I put up my testing script online. You are welcome to review and comment.
>>>import re
>>>str= '20_231_myString_234'
>>> occerence = [m.start() for m in re.finditer('_',str)] # this will give you a list of '_' position
>>>occerence
[2, 6, 15]
>>>result = [str[:occerence[1]],str[occerence[1]+1:]] # [str[:6],str[7:]]
>>>result
['20_231', 'myString_234']
It depends what is your pattern for this split. Because if first two elements are always numbers for example, you may build regular expression and use re module. It is able to split your string as well.

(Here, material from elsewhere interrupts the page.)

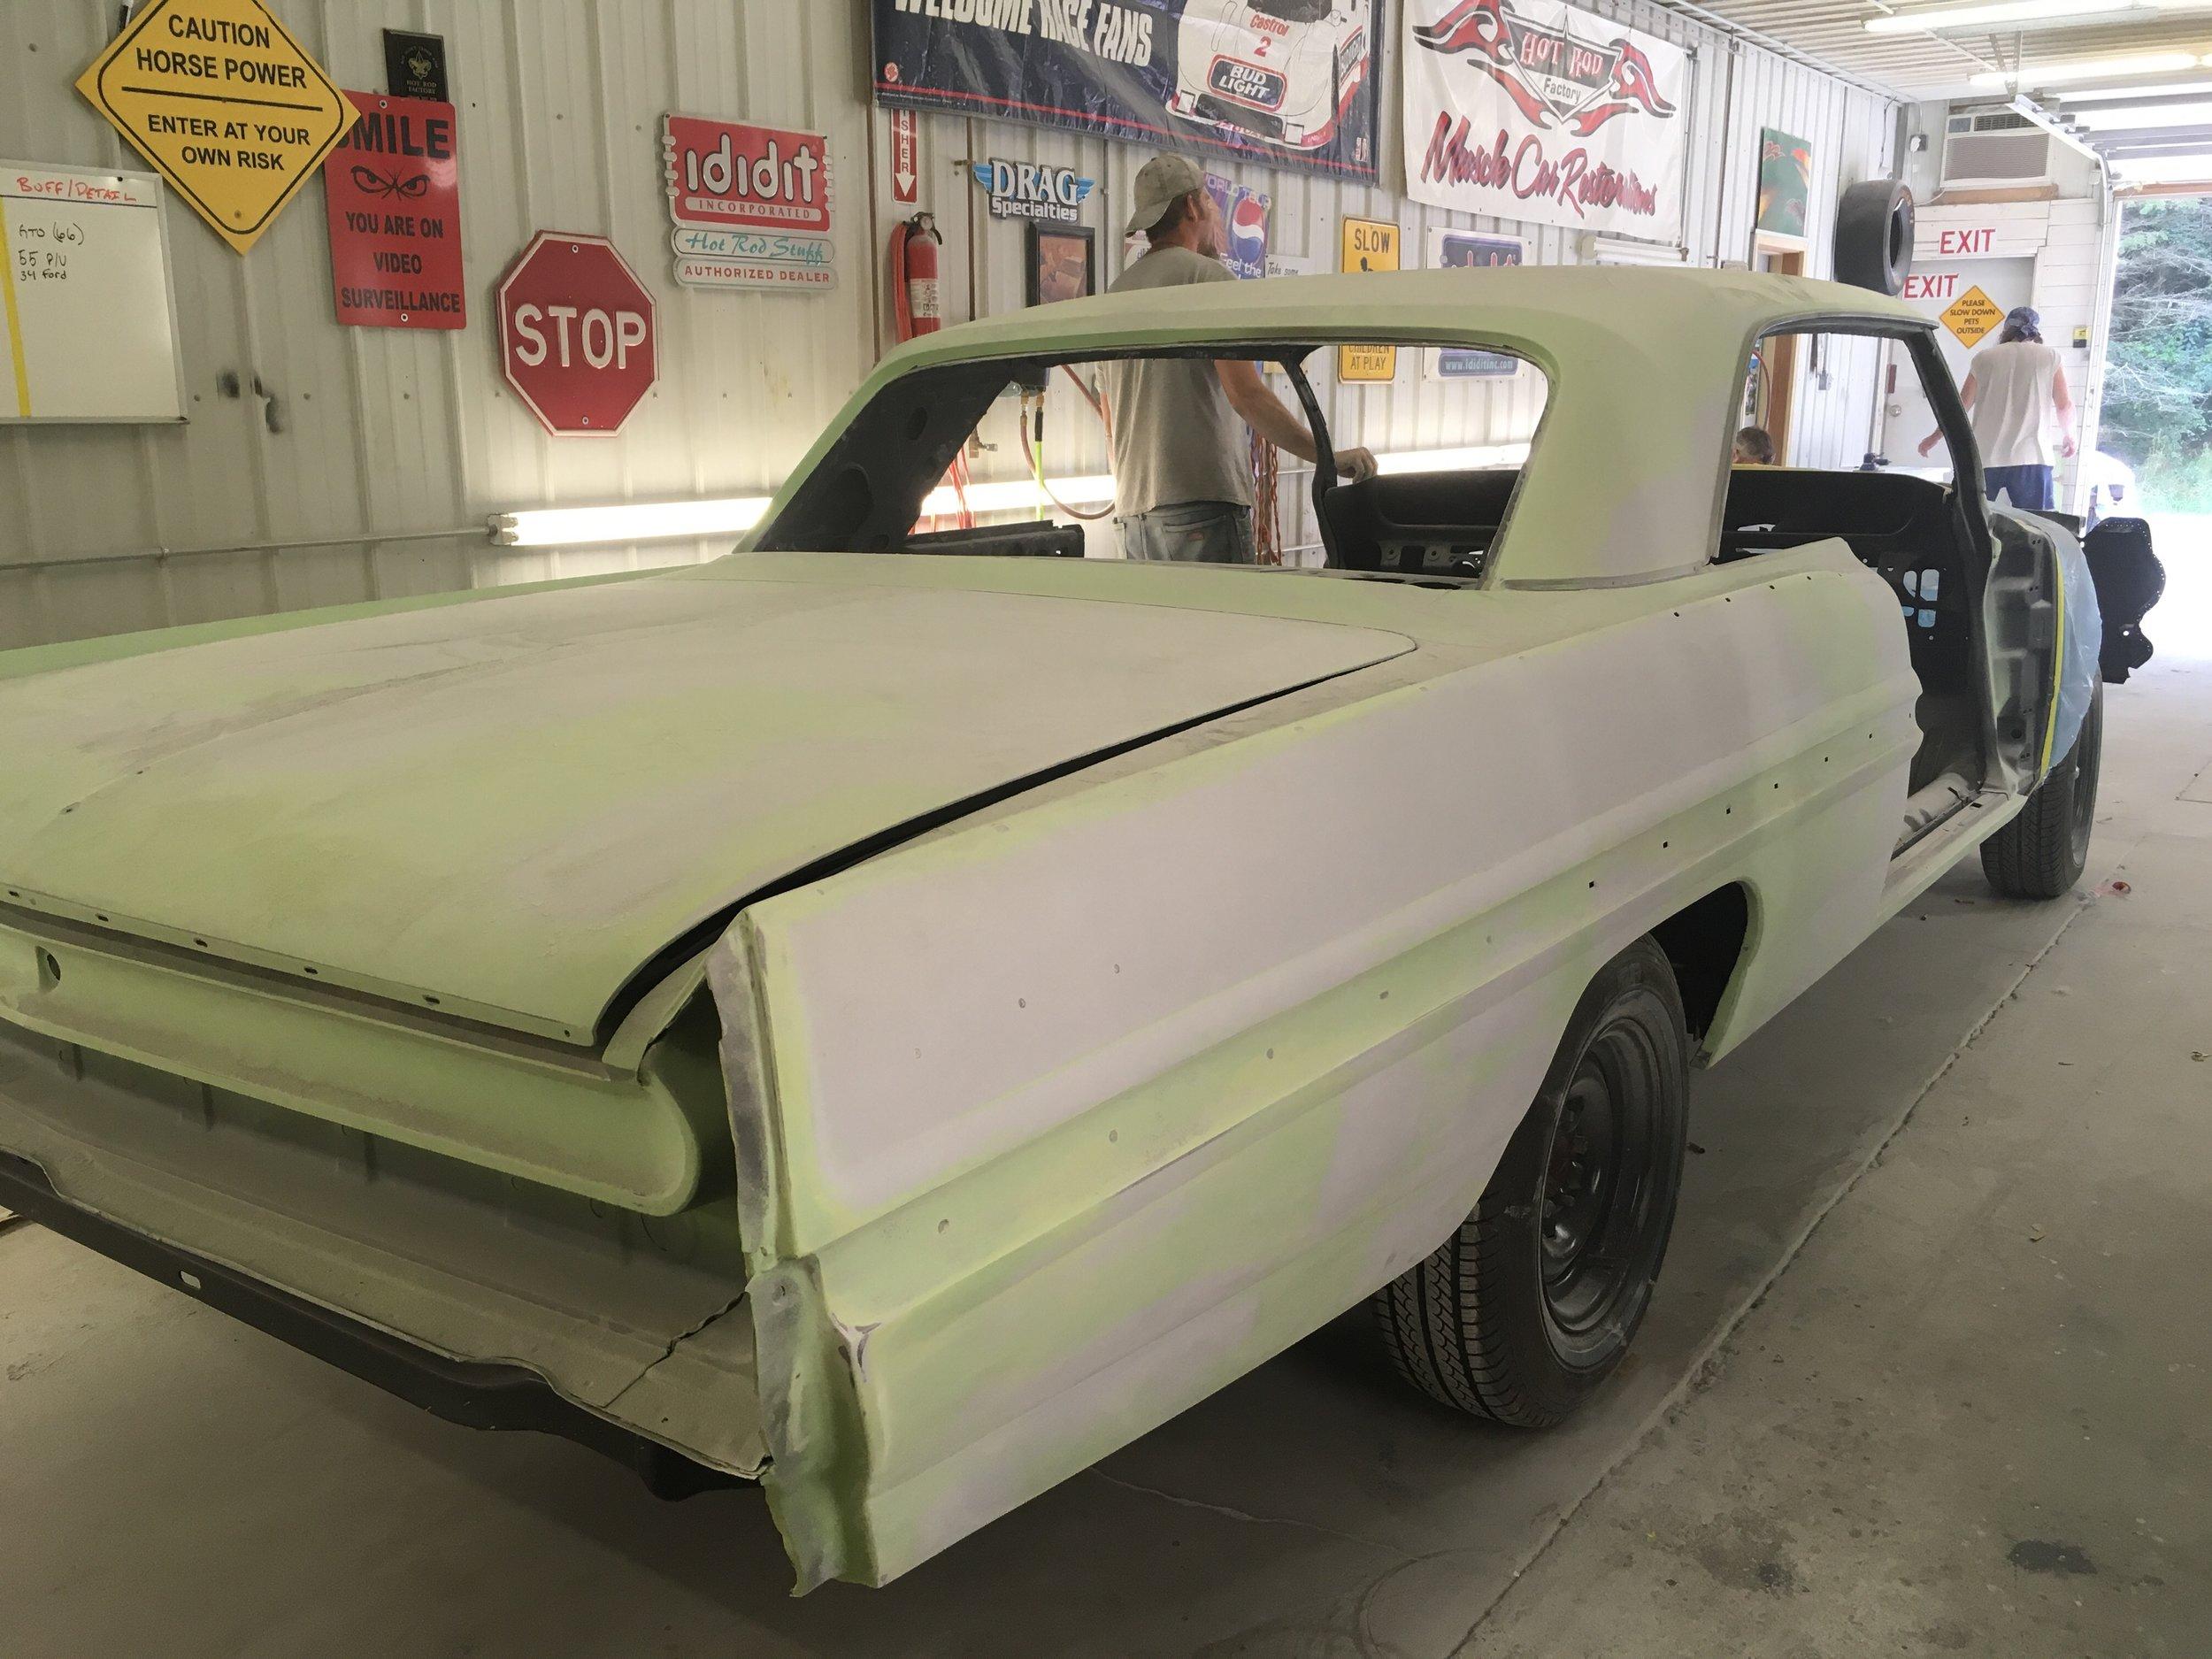 1962-Pontiac-Bonneville-minneapolis-hot-rod-custom-build-restoration-9.jpg

I had a larger string to split ever nth character, ended up with the following code:
# Split every 6 spaces
n = 6
sep = ' '
n_split_groups = []
groups = err_str.split(sep)
while len(groups):
n_split_groups.append(sep.join(groups[:n]))
groups = groups[n:]
print n_split_groups
Thanks #perreal!
In function form of #AllBlackt's solution
def split_nth(s, sep, n):
n_split_groups = []
groups = s.split(sep)
while len(groups):
n_split_groups.append(sep.join(groups[:n]))
groups = groups[n:]
return n_split_groups
s = "aaaaa bbbbb ccccc ddddd eeeeeee ffffffff"
print (split_nth(s, " ", 2))
['aaaaa bbbbb', 'ccccc ddddd', 'eeeeeee ffffffff']
As #Yuval has noted in his answer, and #jamylak commented in his answer, the split and rsplit methods accept a second (optional) parameter maxsplit to avoid making splits beyond what is necessary. Thus, I find the better solution (both for readability and performance) is this:
s = '20_231_myString_234'
first_part = text.rsplit('_', 2)[0] # Gives '20_231'
second_part = text.split('_', 2)[2] # Gives 'myString_234'
This is not only simple, but also avoids performance hits of regex solutions and other solutions using join to undo unnecessary splits.